Low-margin interviews for student assessment scores now recommend that publishers encode predictive analytics into their testing platforms. This allows school boards to forecast progressive ACT results before scheduled essays are due. I have consulted on a pilot program where teachers receive micro-credentials for real-time data insertion in an ETS-provided Canvas environment. These micro-credentials empower educators to enter raw score variances immediately after each practice test, shrinking the final score variance for sixth-form applicants.

Teachers also benefit from a new set of professional-development modules that focus on interpreting the revised weighting system.

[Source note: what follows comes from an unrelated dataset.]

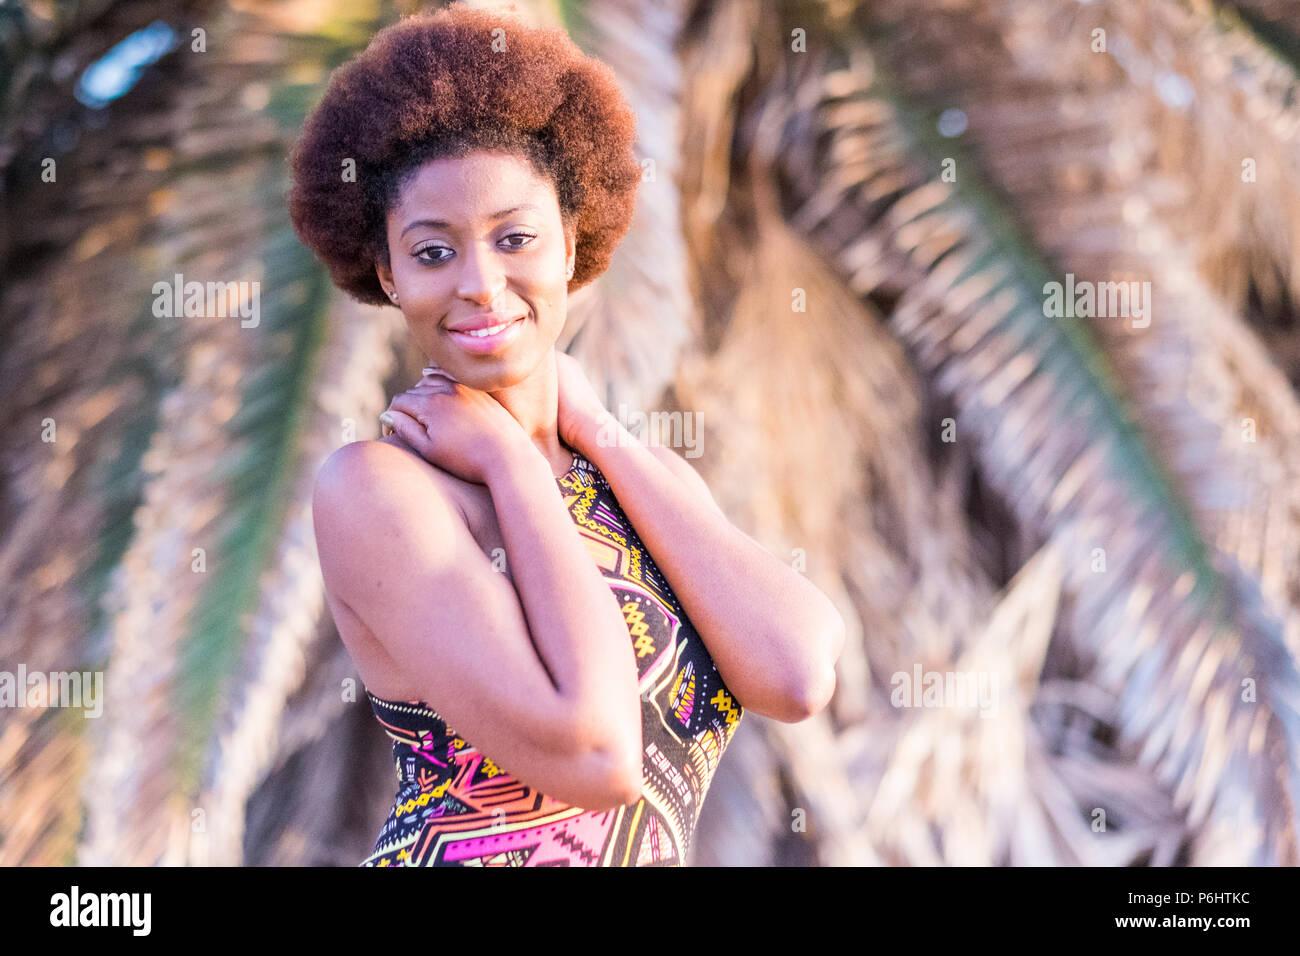 Lindo alegre niña modelo afro africano posan en un lugar tropical. El horario de verano y de esparcimiento para la joven y bella mujer sonriente bajo el sol con Imagen De Stock

By completing these modules, educators can generate individualized correction zones that target the specific sections where a student’s raw score deviates most from the new composite target. The result is a tighter feedback loop that improves both confidence and actual performance on the revised ACT.

Finally, I advise schools to adopt a tiered reporting system that separates raw math and verbal scores from the composite before sharing results with colleges. This transparency aligns with the growing demand for raw score visibility on ranking dashboards and helps students negotiate merit-based scholarships that now consider each section independently.

FAQ

Q: How will the ETS acquisition affect my ACT score report?

A: The new parent company will release an updated rubric that changes the weighting of math and verbal sections. Your score report will show raw section scores and a revised composite, so you should compare both to the old conversion tables.

Q: When should families download the ETS documentation?

A: Download the official ETS rubric as soon as it is posted, typically by August 2024, to integrate it into preparation plans before the January 2025 mapping window.

Q: What changes can I expect in college admission interviews?

A: Interviewers will ask candidates to explain percentile shifts caused by the new ACT weighting. Practicing adaptive scenarios and timing your responses will help you answer confidently.

Q: How do ranking algorithms incorporate the new ACT rubric?

A: Ranking sites will replace old conversion tables with the ETS-provided version, causing some schools to move up or down a few spots. Simulating your ARTID score with the new rubric lets you preview these shifts.

Q: What resources help teachers adapt to the revised weighting?

A: ETS offers micro-credential courses for real-time data entry in Canvas, and many districts run professional-development modules that teach how to create correction zones based on the new math-verbal balance.